There’s Zibs & Jan, who all along I’ve been referring to as my “intellectual” friends. And Annett and Jan, my “artist” friends. Also an artist, my friend/conversation partner/stranger-in-a-strange-land comrade, Anne. And Joschka – who, along with Dale, is one of the most effortlessly brilliant people I know – is a computer programmer by trade (which is both an art and a science), but also a music lover. And I don’t know how you classify the person you can drunkenly talk politics with over a game of chess at 3:30 in the morning, but “intellectual” has to come pretty close.
Now, admittedly, who my friends are here in Berlin owes as much to accident as anything. And yet, you’re always going to be friends with the sort of people you’re going to be friends with. Which, I grant you, is tautological. But I have to admit, I’ve really lucked out in that department. My friends match up really quite well with the person I think I am, the person I’m trying to be.
So, finally, to answer the question, “Who am I?”, well, I guess “dilettante” is the best I’m going to do for now. Maybe one day I will have the good fortune to be able to add “father” to that. But that’s a question for Κλωθώ, Λάχεϲιϲ καὶ ¨Ατροποϲ, who are the Fates, for you lay-people.
So much for that bit of self-indulgent solipsism. I’ve been wanting to put down some thoughts about living in “the East” for a while now. So let me hit on that for a bit.
The thing that strikes you about East Berlin in 2017 – or that strikes me, anyway – is that there’s a certain degree of romanticization with the whole thing. In fact, German even has a word for it. Because of course it does. The word is Ostalgie, which is a portmanteau of Ost and Nostalgie – ‘East’ & ‘nostalgia.’ It’s not a just a vibe, it’s something that’s actively marketed. As a transplant who’s only been here a scant ten months, I surely can’t cover the full semantic range of this word. But it seems to be a fondness for a bygone time, a bygone way of life, when (and obviously where) things were simpler.

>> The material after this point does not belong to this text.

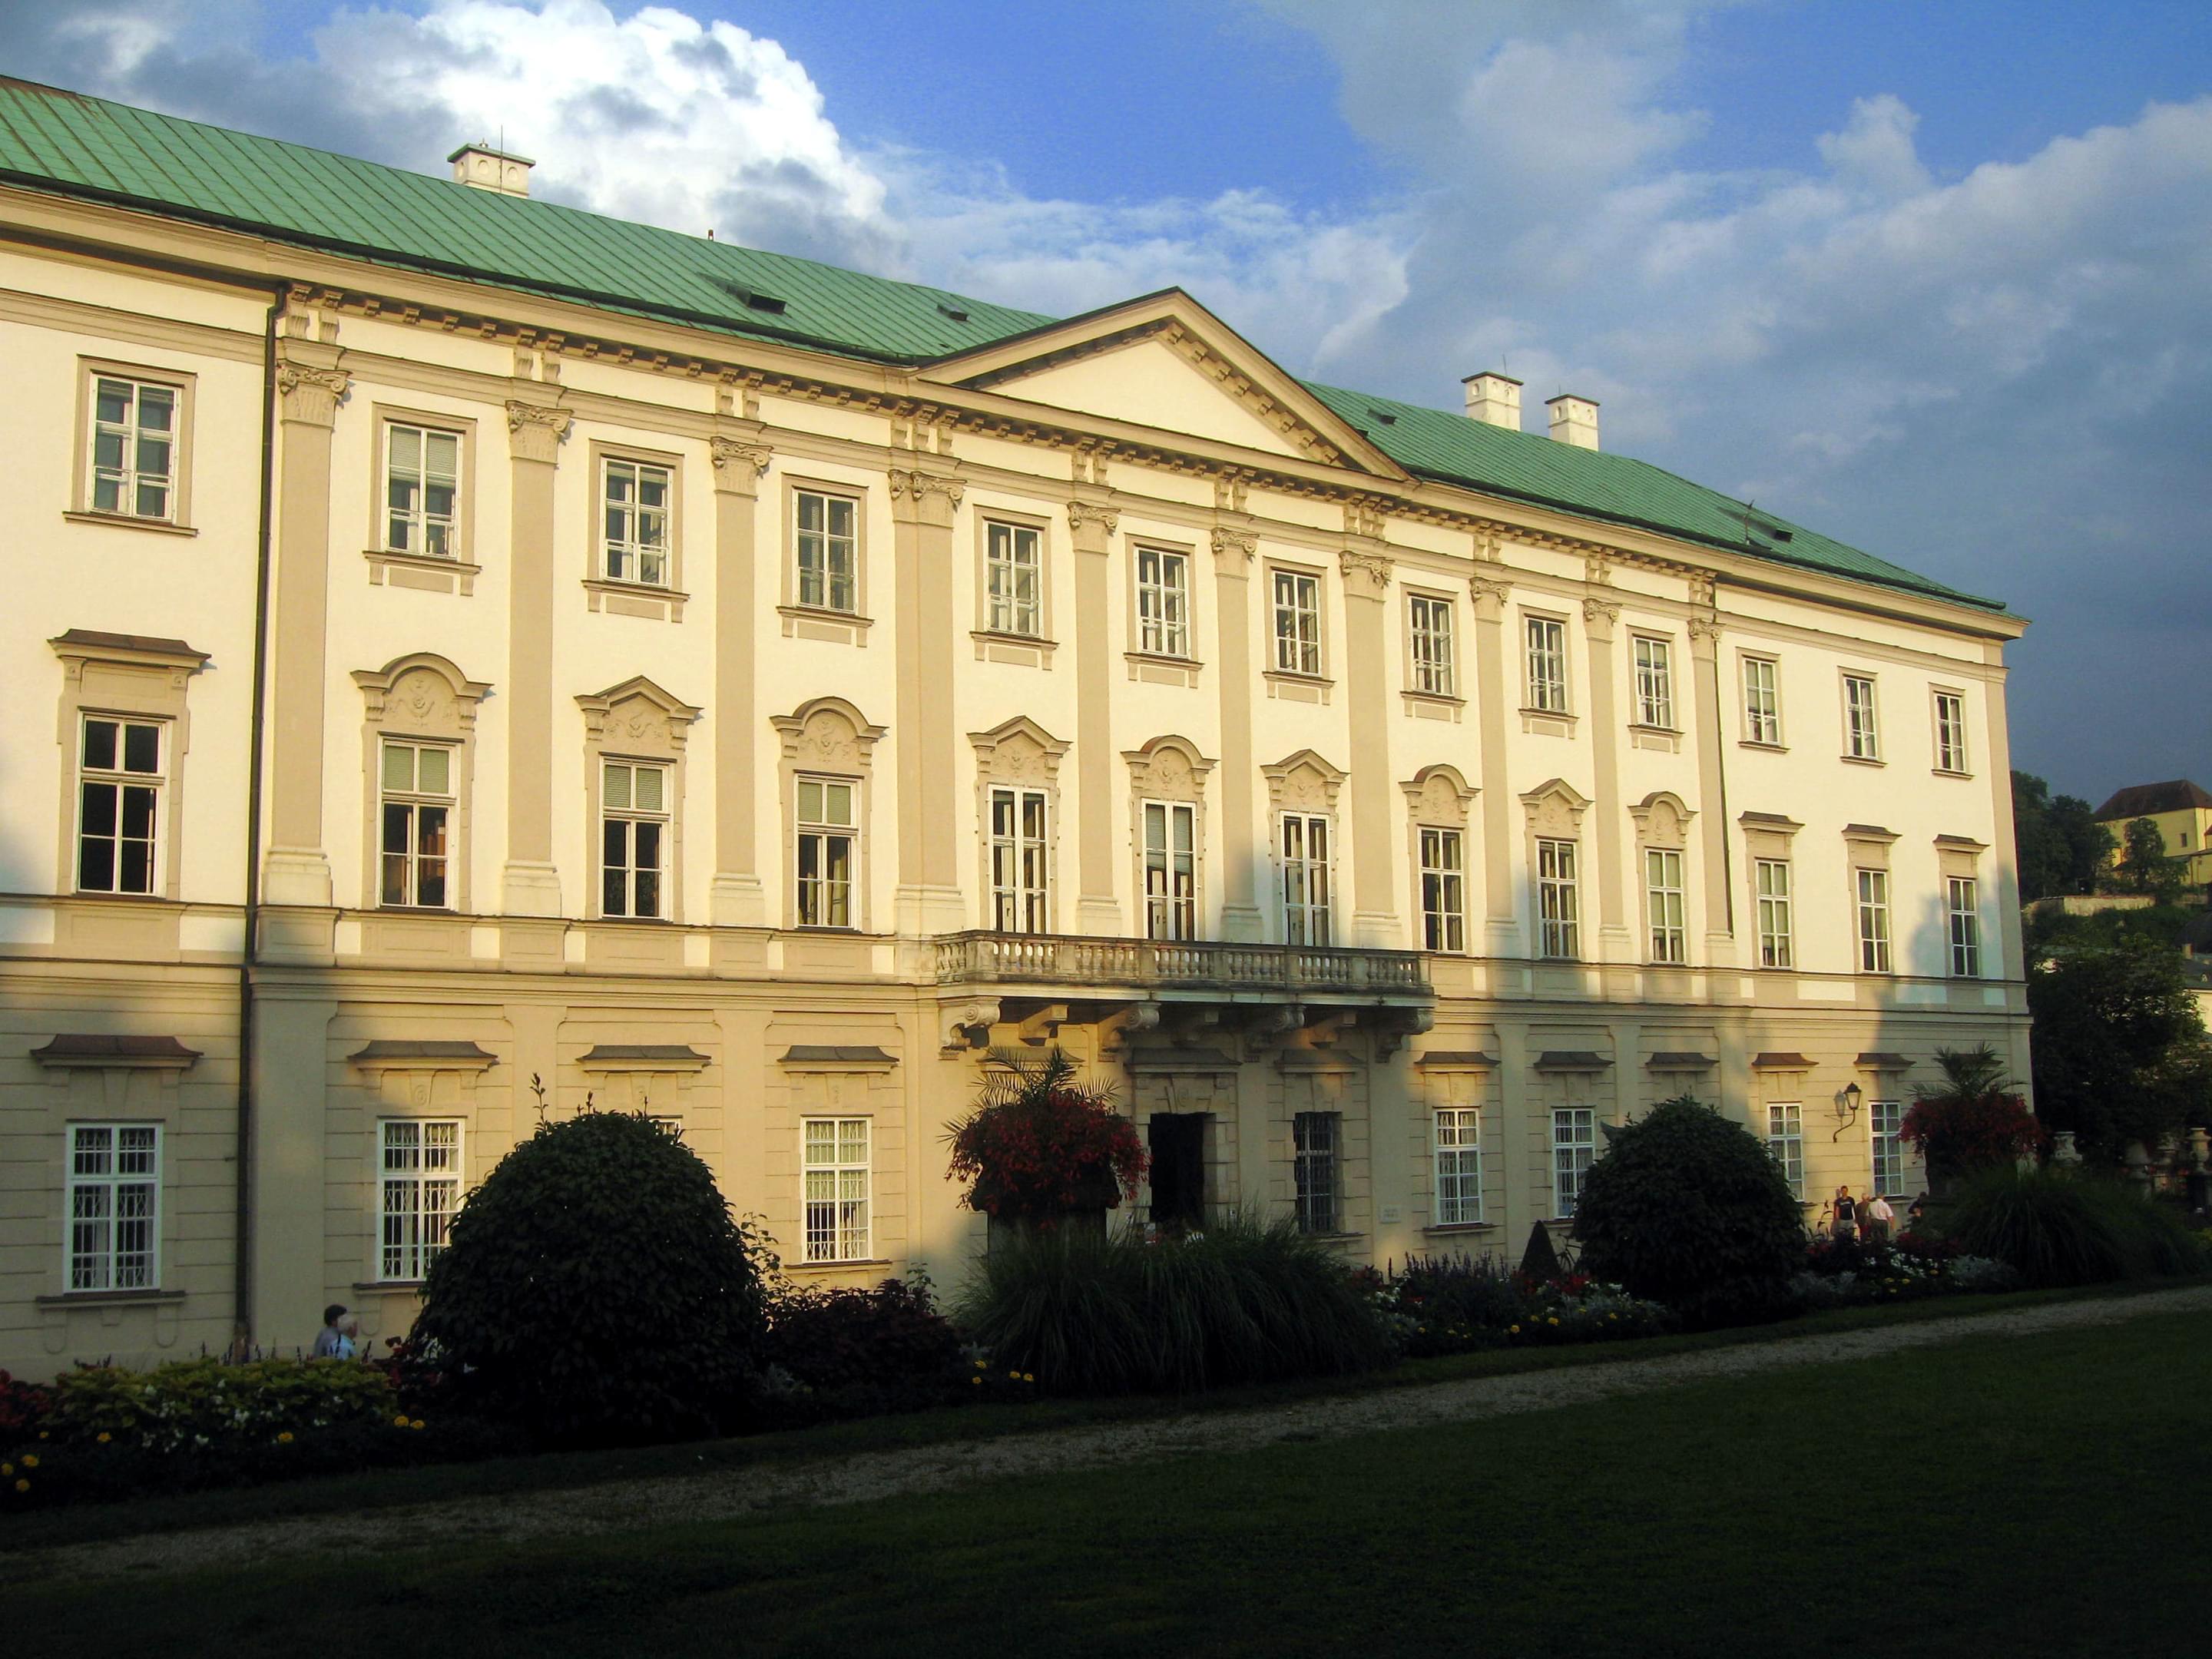 Mirabell Palace Overview

For example, we still have the tram here; which was torn up in West Berlin after the war. And trams/trollies/street cars are romanticized everywhere: Brooklyn, Roger Rabbit, etc. They’re seen – I think – as symbols of a time from before Big Auto remade our cities for the worse. But anyway, my first impression of the tram was a positive one. I like having the tram around. And the fact that it’s only in the East, well, that’s kinda cool. And while it would be silly for me to self-identify as an East-Berliner – whatever that even means in 2017 – it’s nevertheless where I live. And so I want to find things I can like about living here, things I can be proud of, even. The tram, generally, is one of those things.
Hell, even the pickles have been made into…well, if not a big deal, then, at least, kind of a big deal…or, at the very least, a deal. If you go to the right shops, you can find Spreewaldgurken, which – to my understanding – are held to be a holdover product, one of the few consumer goods that was born in, and subsequently survived, the DDR. Like, “Whoa, actual communist German pickles! That’s so oldschool!”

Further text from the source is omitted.